=== EXERCISE ===
Produce a word-for-word copy of the data that follows, excluding images.

=== DATA EXCERPT ===
- - - -
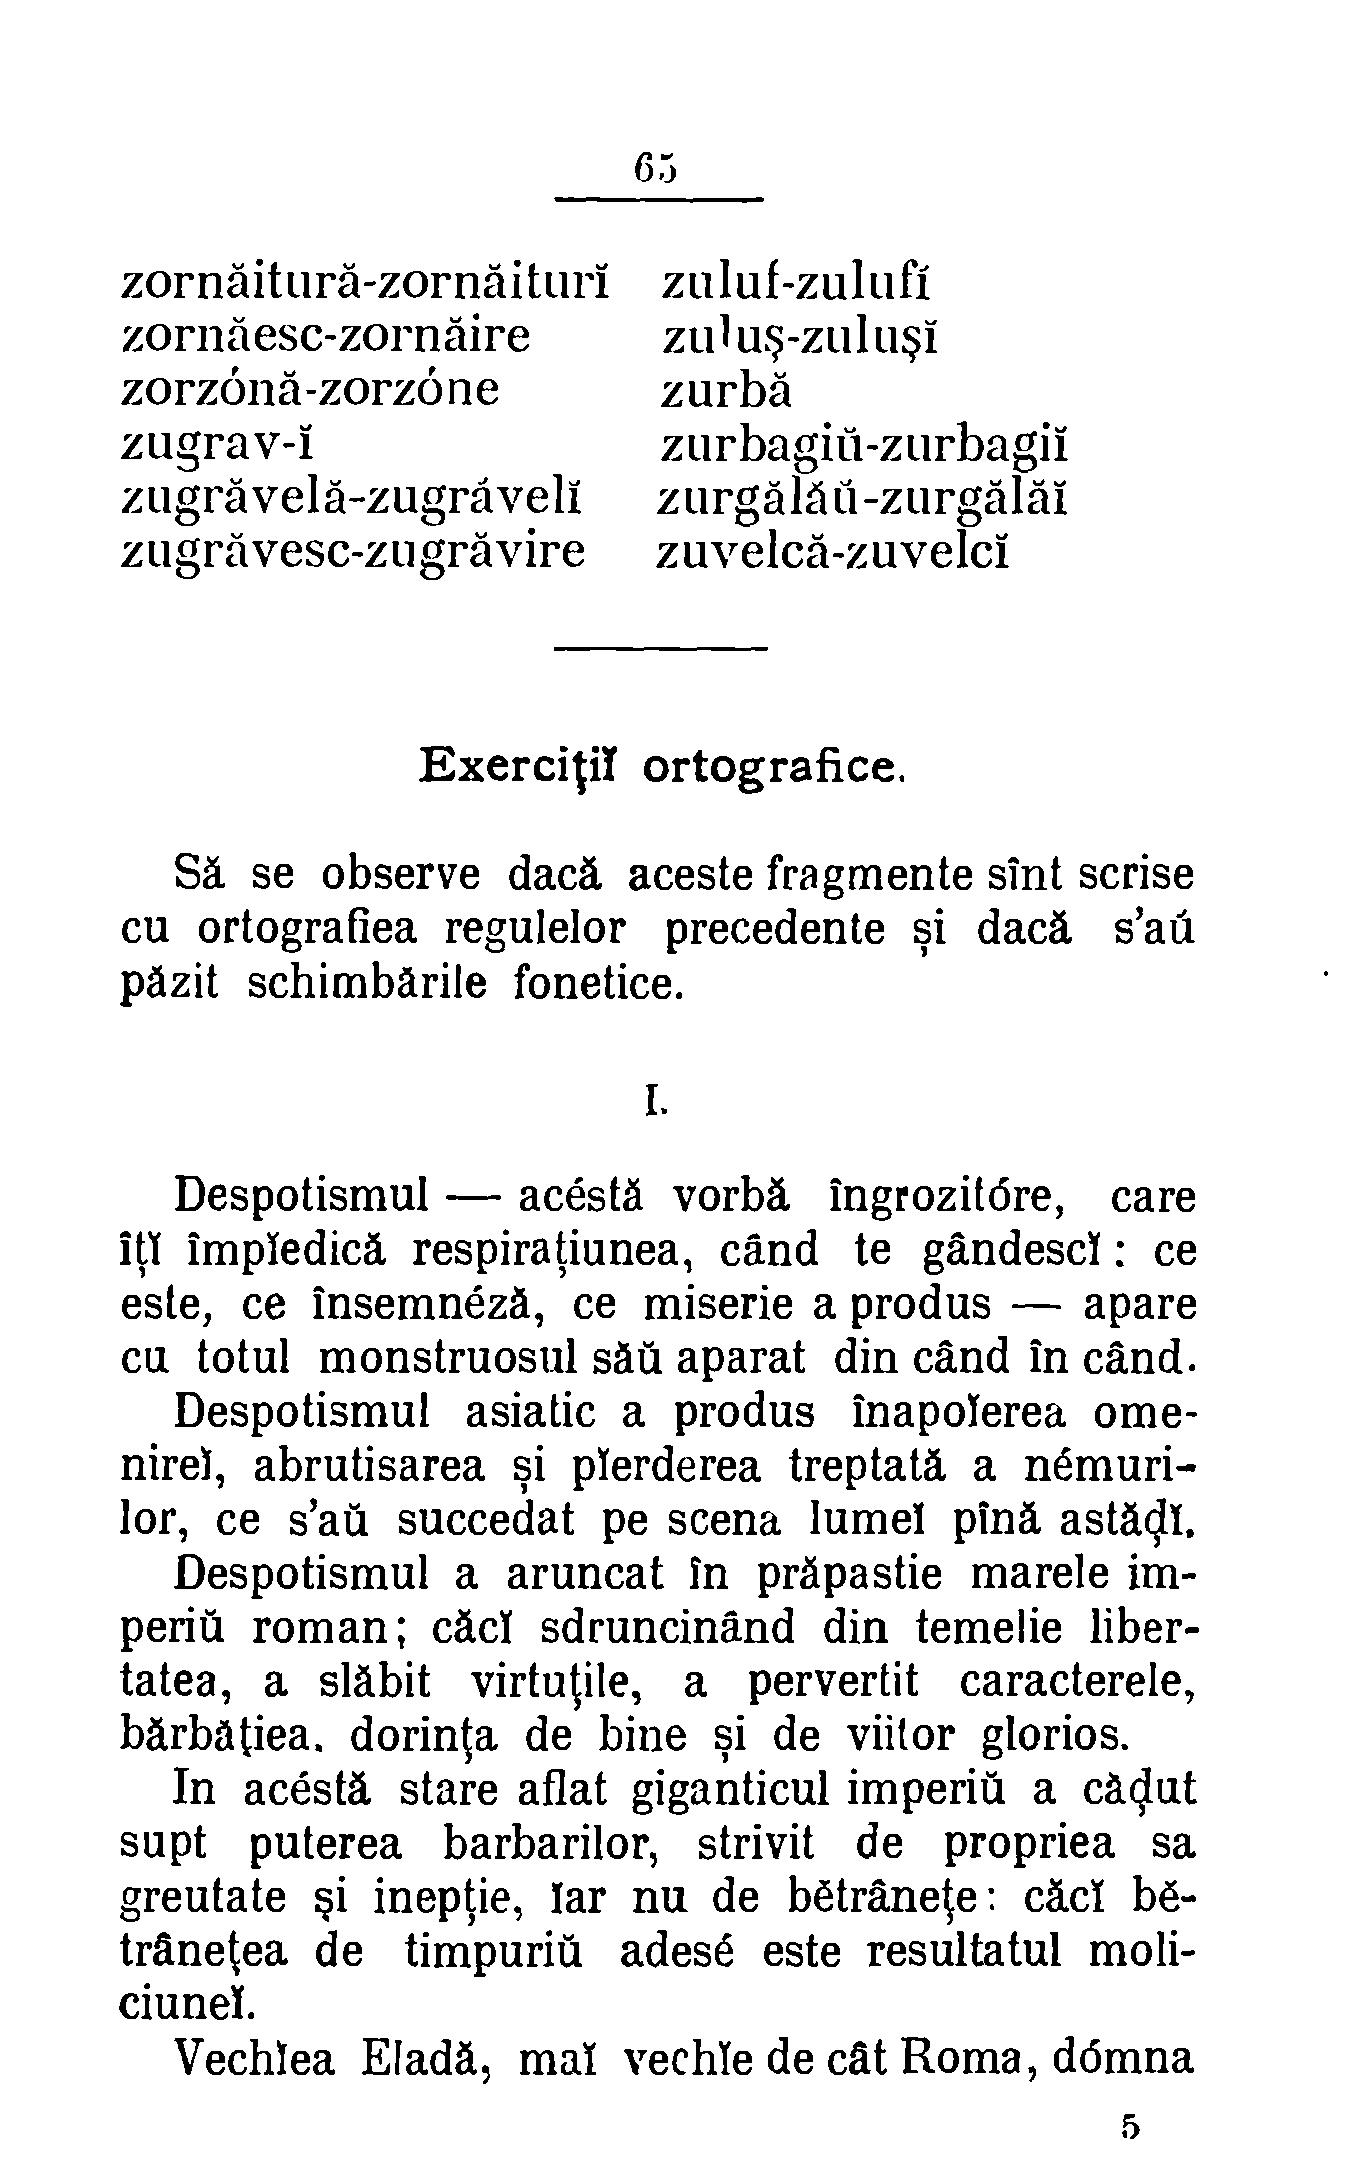 1899 - Ortografie (65).png
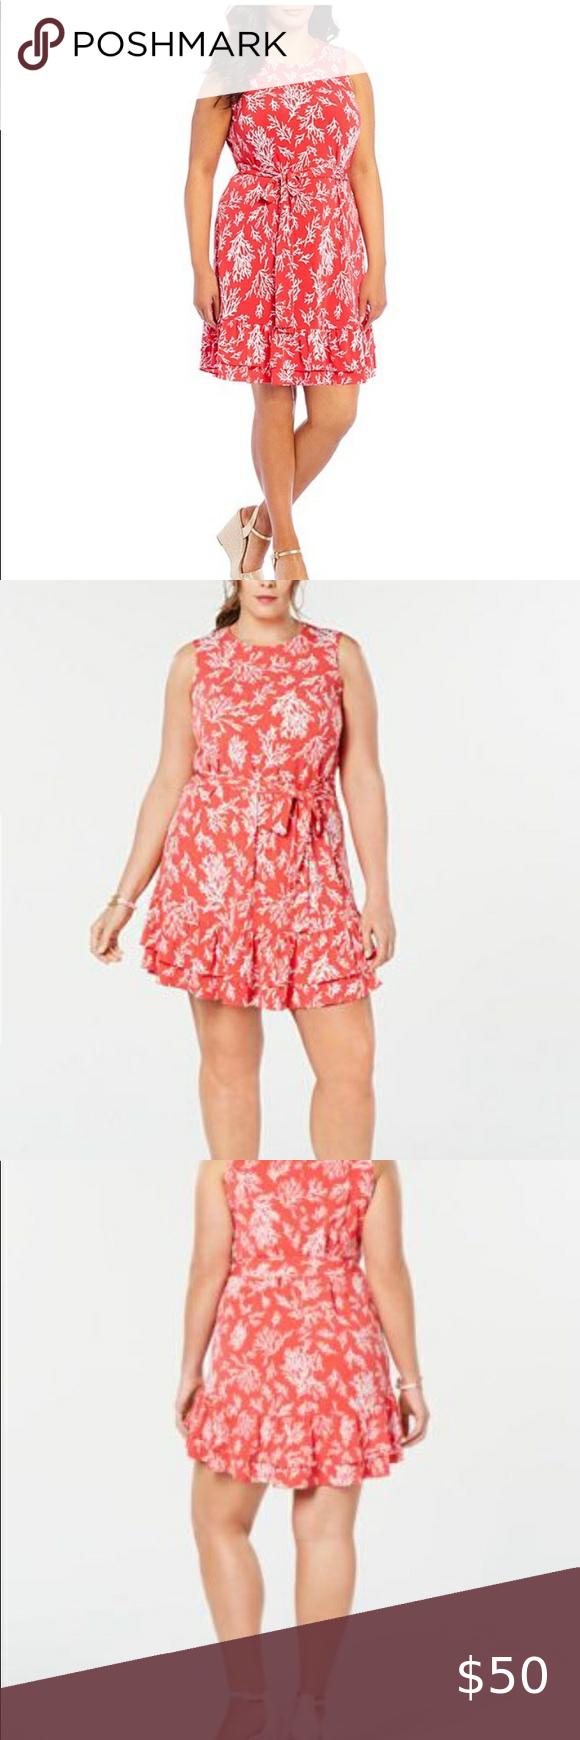 Michael Kors Reef Print Ruffle Dress Size 2x Beautiful Summer Dresses Ruffle Dress Stretchy Dress [ 1740 x 580 Pixel ]
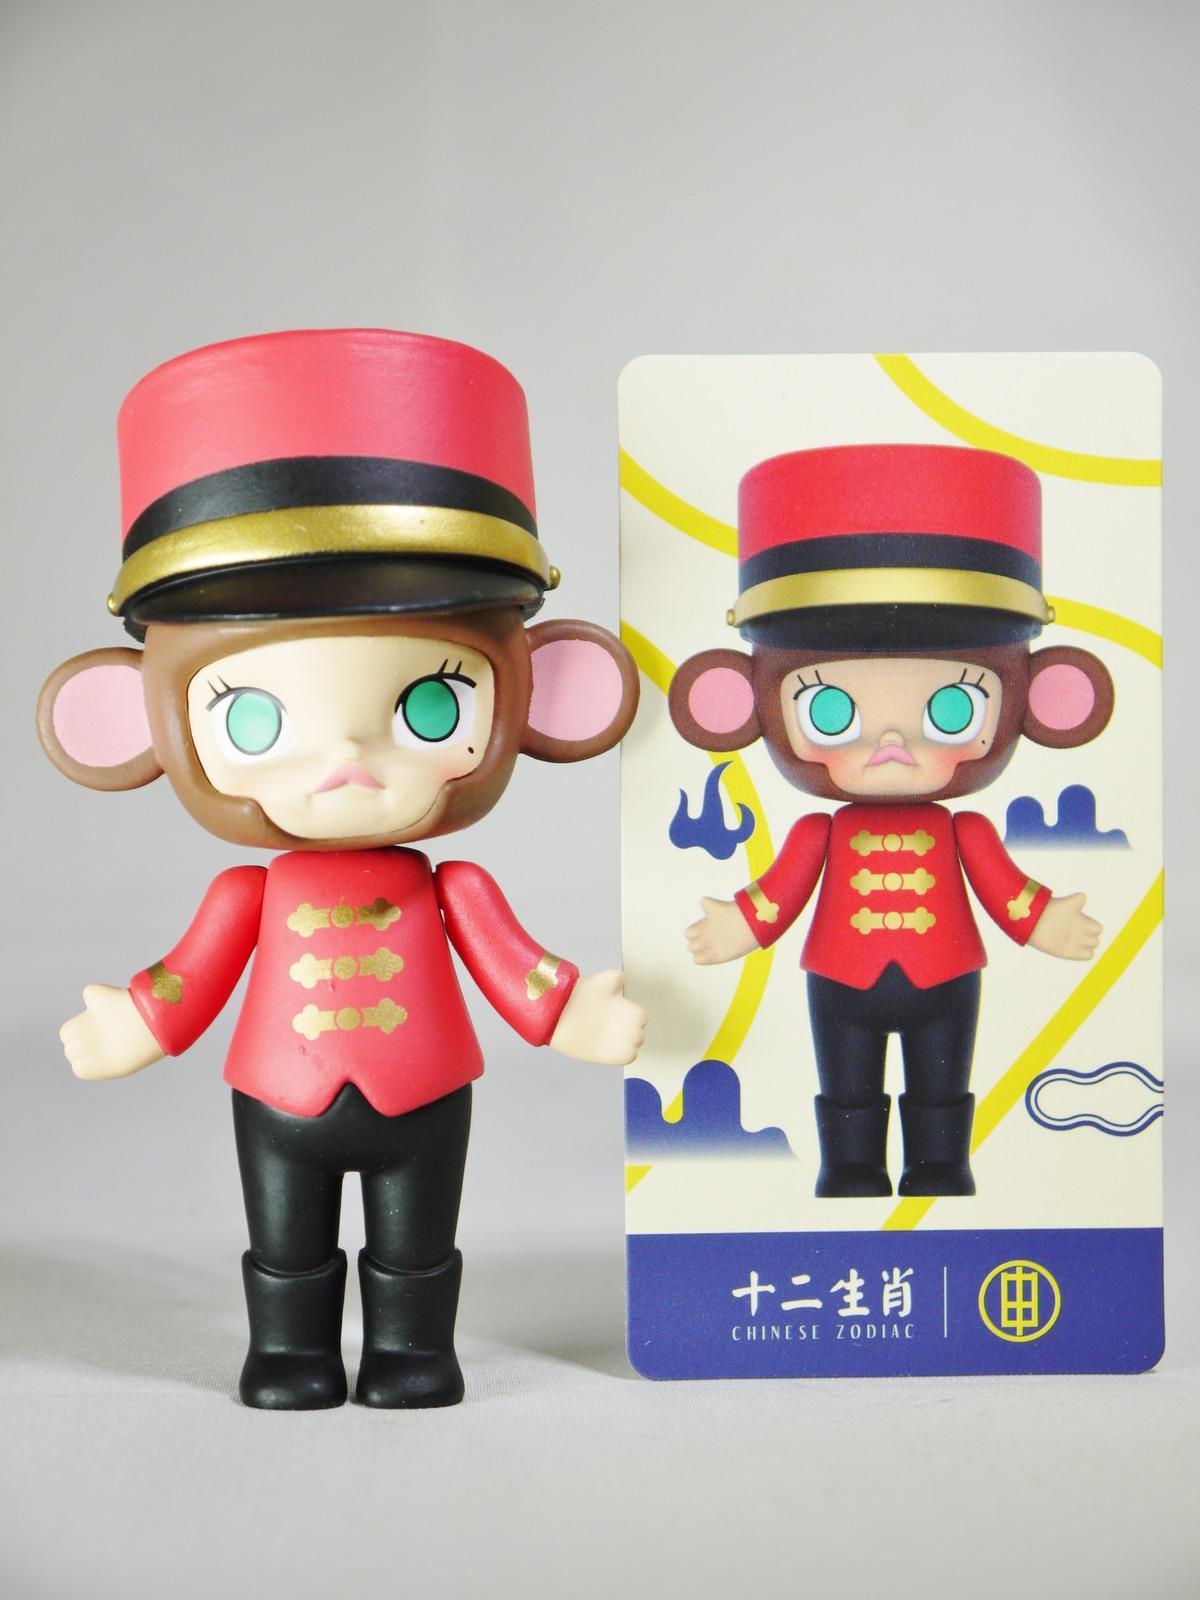 POP MART Kennyswork BLOCK Little Molly Chinese Zodiac Monkey Porter Mini Figure
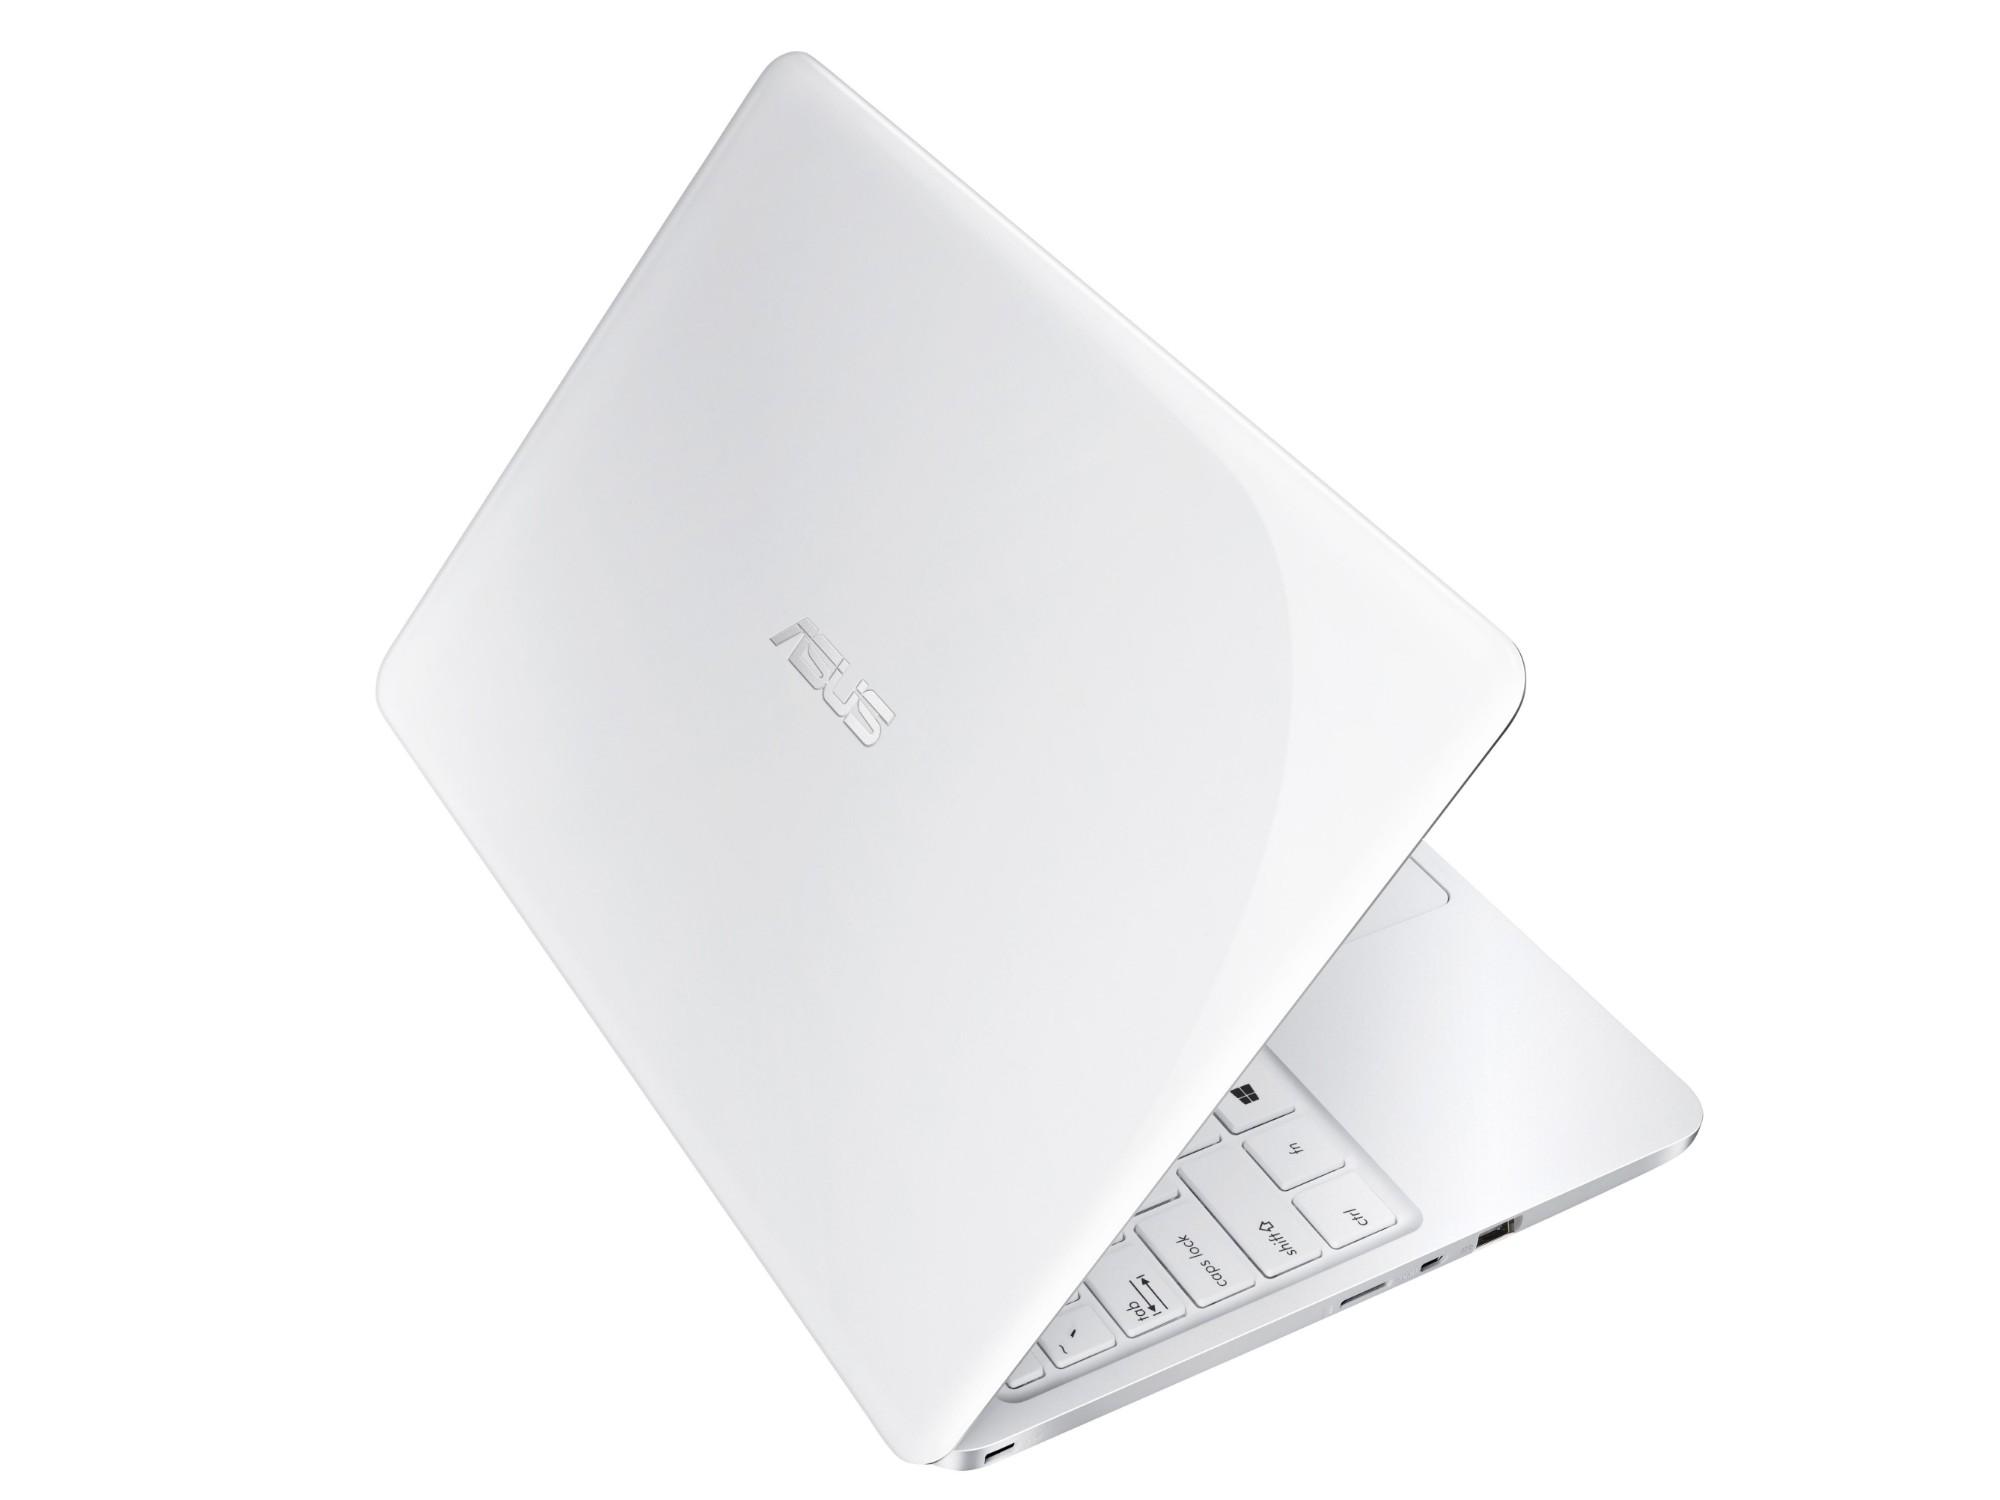 "ASUS VivoBook E200HA-FD0041TS 1.44GHz x5-Z8350 11.6"" 1366 x 768pixels White Notebook"
- - - -
=== PROBLEM SOLUTION ===
 1899 - Ortografie (65).png
 Michael Kors Reef Print Ruffle Dress Size 2x Beautiful Summer Dresses Ruffle Dress Stretchy Dress [ 1740 x 580 Pixel ]
 POP MART Kennyswork BLOCK Little Molly Chinese Zodiac Monkey Porter Mini Figure
 "ASUS VivoBook E200HA-FD0041TS 1.44GHz x5-Z8350 11.6"" 1366 x 768pixels White Notebook"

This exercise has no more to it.